Let $a_n = a_1 + (n-1)d$ and $b_n=\frac{\sqrt[n]{a_1 \cdot a_2 \cdot\ldots \cdot a_n}}{\frac{a_1+a_2+\ldots+ a_n}{n}}$
Prove that $\lim_{n \to \infty}b_n$ exists and find it for $d>0$ and $a_1>0$.
My attempt:
Because an arithmetic average is bigger than a geometric one, then $0\le b_n \le 1$
The sum of $a_n: S_n = \frac{n(2a_1 +(n-1)d)}{2}$ (arithmetic sequence)

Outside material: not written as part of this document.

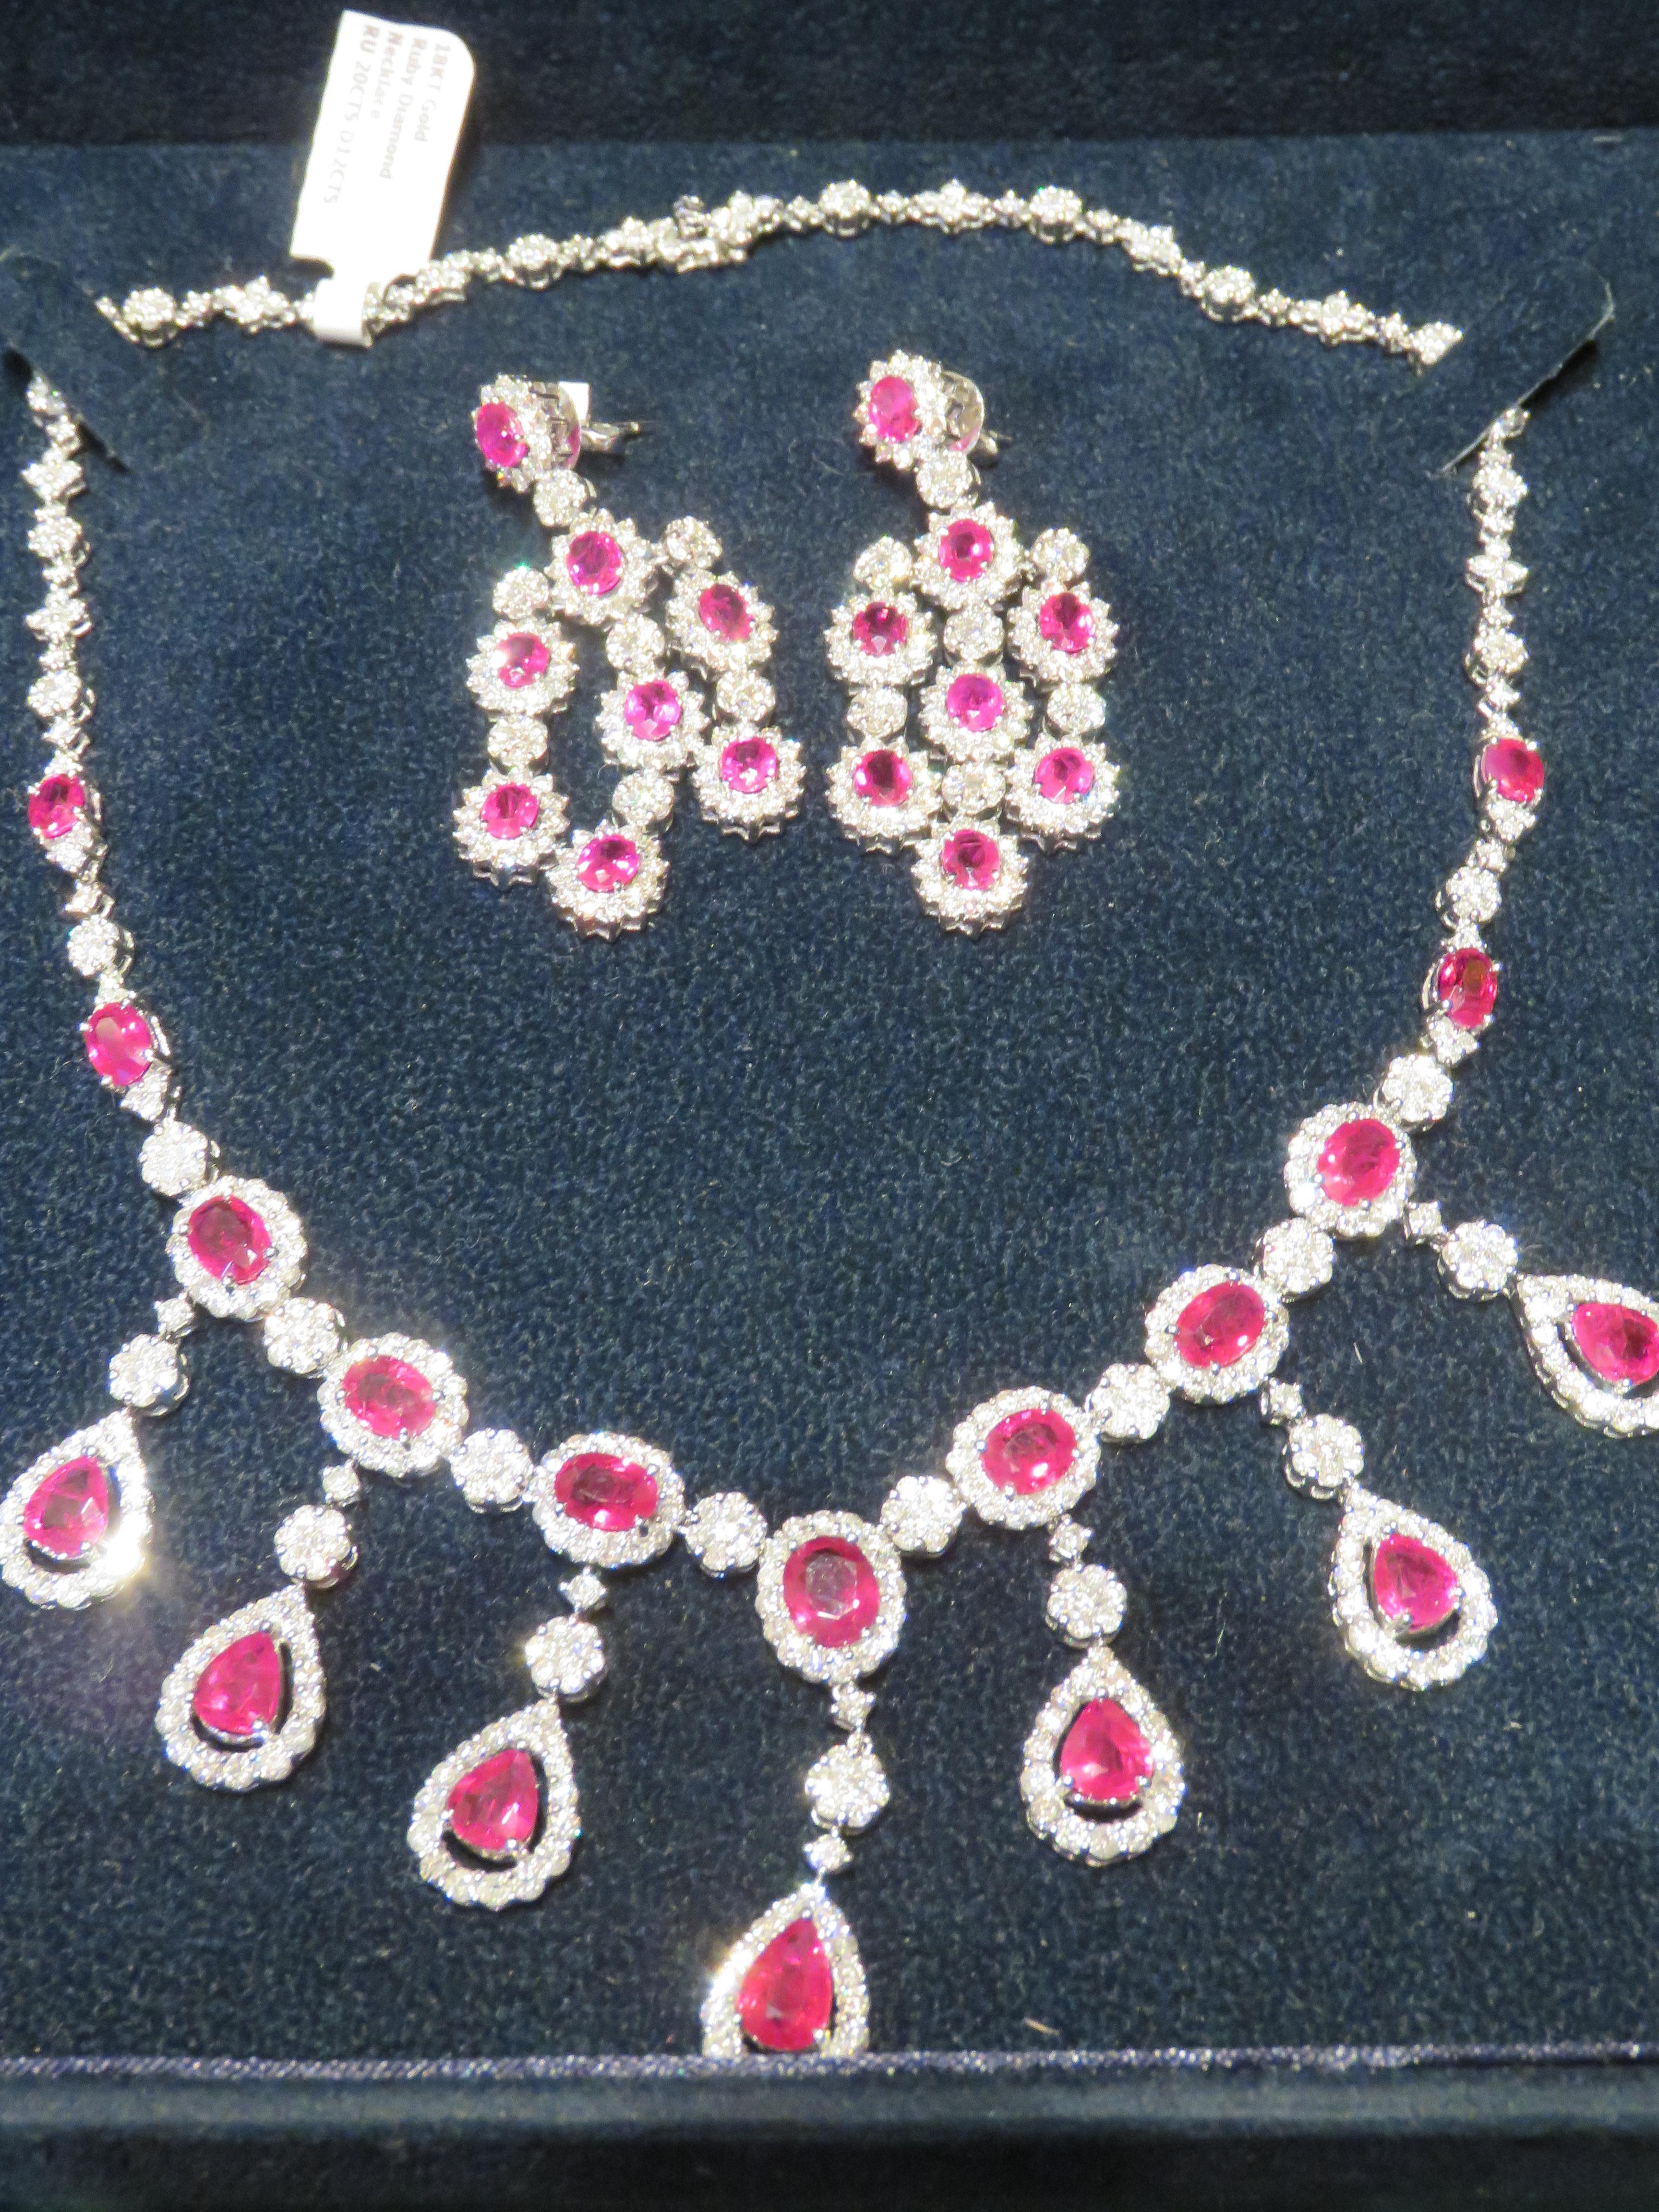 The Following Items we are offering is a Rare Important Radiant 18KT White Gold Necklace and Earring set consisting of Pear and Oval Shaped Glittering Rubies and Magnificent Diamonds Throughout. Features Large Faceted Rubies of the Finest Quality

Then $b_n = \frac{\sqrt[n]{a_1 \cdot a_2 \cdot… \cdot a_n}}{\frac{\frac{n(2a_1 +(n-1)d)}{2}}{n}} = \frac{2\sqrt[n]{a_1 \cdot a_2 \cdot… \cdot a_n}}{2a_1 +(n-1)d}$
I tried to prove that $b_n \ge b_{n+1}$, but couldn't (then I would have been able to say that $\lim_{n \to \infty}b_n$ exists.)
Any hints would be appreciated. Thanks!
Best Answer
This is a sketch.
Set $A_n:=\prod^n_{k=1}\frac{a+b(k-1)}{a+\frac{b}{2}(n-1)}$. Then \begin{align*} \frac{A_{n+1}}{A_n}&= \frac{a+bn}{a+\frac{b}{2}n}\left(\frac{a+\frac{b}{2}(n-1)}{a+\frac{b}{2}n}\right)^n \\ &= \frac{a+bn}{a+\frac{b}{2}n}\left(1-\frac{b}{2a+bn}\right)^n\rightarrow2 e^{-1} \end{align*} The convergence of $A_{n+1}/A_n$ implies the converge of $\sqrt[n]{A_n}$ and they have the same limit.